Our financial year was destroyed.  I think I understand what the OEM cited above was facing.

My employer did a “postmortem” on the liquid-cooled engine fiasco.  We realized that there were things we could have done that in retrospect would have leveled out the risk we had of non-supply. 

1. Bring these engines into our factory well before their scheduled production. This would eliminate the need for such quick response to any future Acts of God. Of course, it would eliminate Just-in-Time delivery and add cost. On the other hand, that cost is something that should be considered when there are no alternative sources for a particular product.

2. Ship the engines in multiple shipments instead of a single one. This would distribute risk by not having “all of our eggs in one basket.” The fact is, we normally had multiple monthly shipments, and the only reason they had been bunched together this time was the situation we faced. But still the shipment could have been divided into several smaller sequenced ones and still supported our needs. Spreading out the shipment of these engines would also have increased cost, but again, probably would have been worth it.

3. Ask our supplier to relocate their production stateside. We had done this before with other product-types and it did reduce the various acts-of-God risks. The issue here was that most of our supplier’s customers of these engines were—at least at the time—not located in the United States, and to open up a second factory here totally dedicated to my division’s needs would not be financially feasible, i.e. the price of the engines would have to go up too much.

This situation reinforces the idea that OEMs have a Plan B in their sourcing strategy—and consider the risks they incur in sourcing based solely on piece price.

Penny Wise and Pound Foolish

What is the status of country’s preparedness for addressing the coronavirus threat?

  • Most victims suffer flulike symptoms early on. There is a kit that can be used to test for this at the onset of symptoms, but it is not readily available in the United States while in other countries—for instance Germany—there is no shortage.
  • Reduced federal resources for developing a vaccine for the virus.  At best, the earliest vaccine will be available about a year from now.
  •  Lack of clarity on the virus itself, with the White House and federal health care officials putting out conflicting views on its’ potential; i.e. should it be considered a “hoax” or a legitimate threat?

None of the above should be a surprise.

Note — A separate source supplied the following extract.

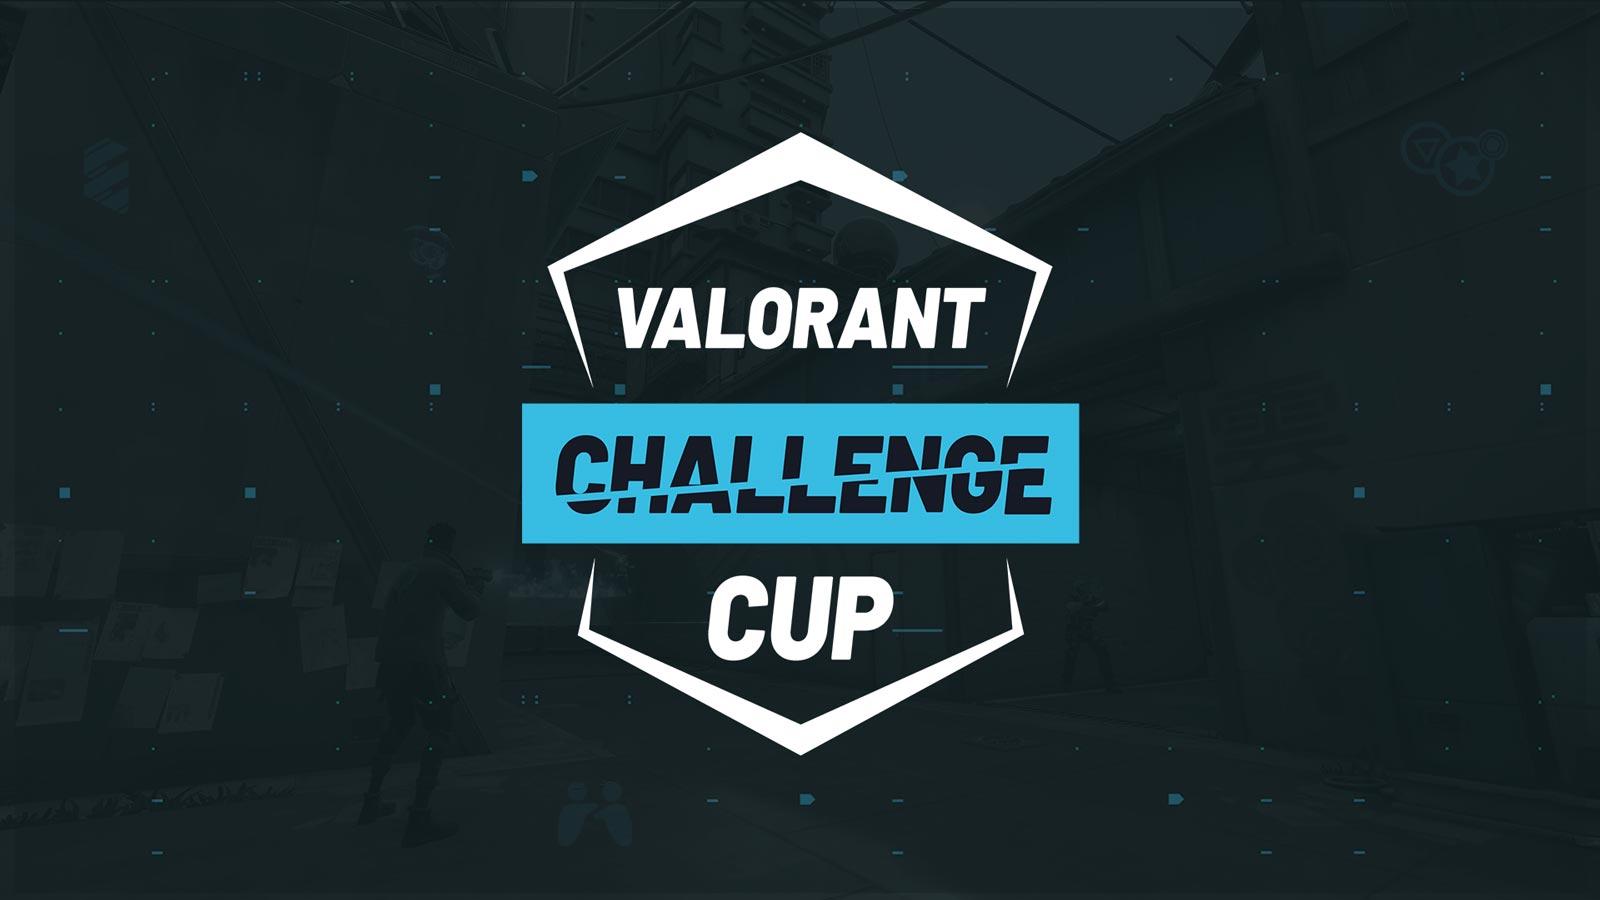 Valorant Challenge Cup

Why? Since 2018, the Center for Disease Control’s (CDC) budget for epidemic prevention programs has been cut by 80%, scaling back efforts in 39 of 49 countries (including China). The Trump administration’s proposal for the 2020/2021 budget is to make similar cuts to the National Institute of Health (NIH). Yet, now we hear that both the administration and congress are talking about spending as much as $9 billion on emergency funding to both CDC and NIH.

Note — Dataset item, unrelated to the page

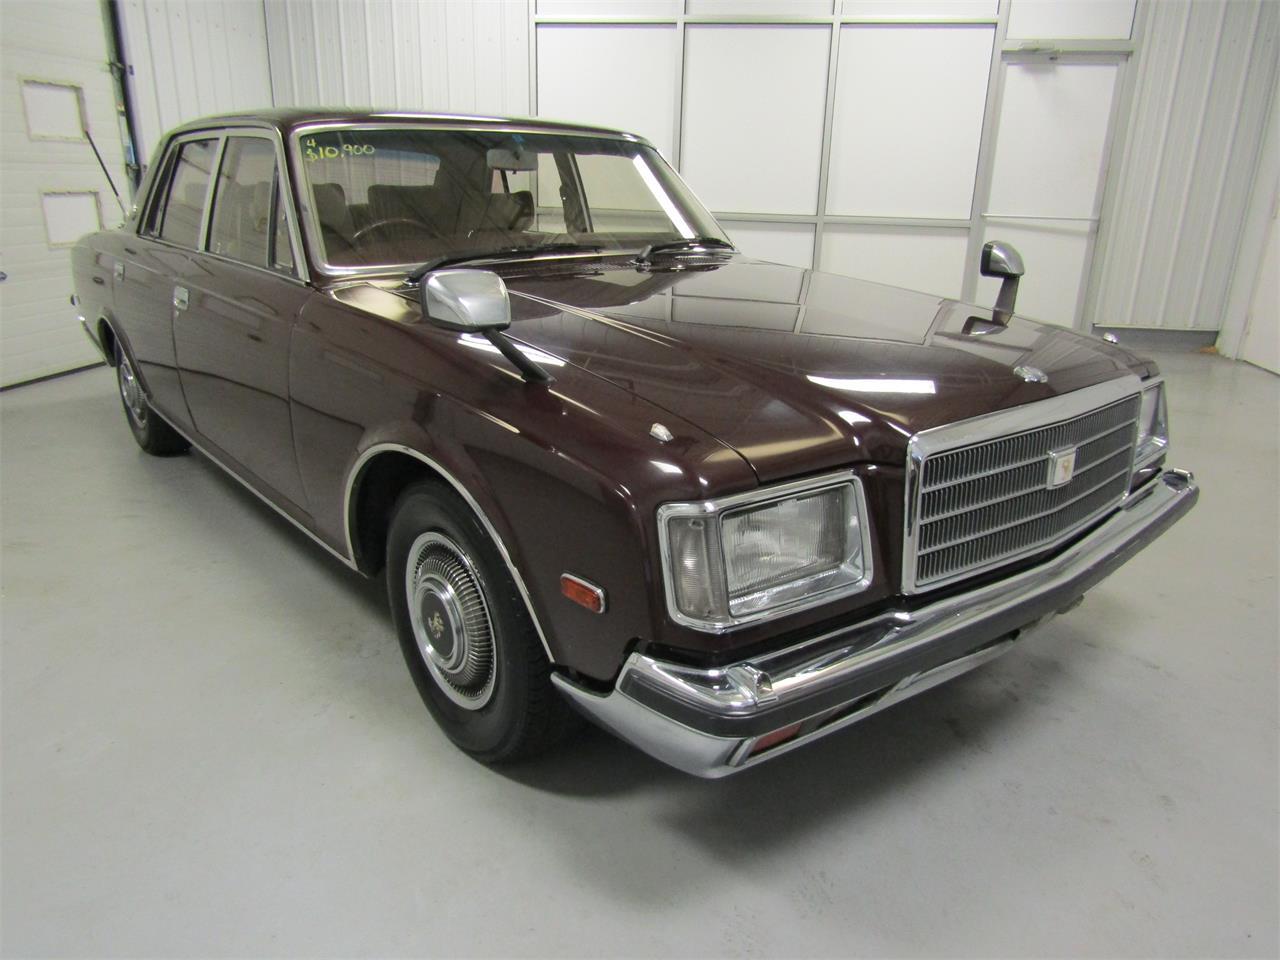 1984 Toyota Century (CC-1110964) for sale in Christiansburg, Virginia

So what did the country gain from the budgets cuts other than a lack or preparedness for the kind of health threat the coronavirus represents? I suspect this might be a case of penny-wise-and-pound-foolish.

I live in Washington state, and as of this writing we have already had nine confirmed deaths due to the coronavirus. This seems significant when compared to the minimal country-wide impact of ebola virus scare of 2014 when the federal government seemed to act in a coordinated and effective manner.

I’ve always been a fan of preparedness rather than firefighting. Especially when we know that the possibility of a larger world-wide epidemic is not an if but a when. The United States participates in world trade, so regardless of which country it may emanate from, there is always the possibility of that health-related threat coming to our shores.

It is better—and less costly, both in terms of the federal budget and U.S.-based manufacturing—that this country adequately fund those governmental institutions that will be the front line in defending us from such threats.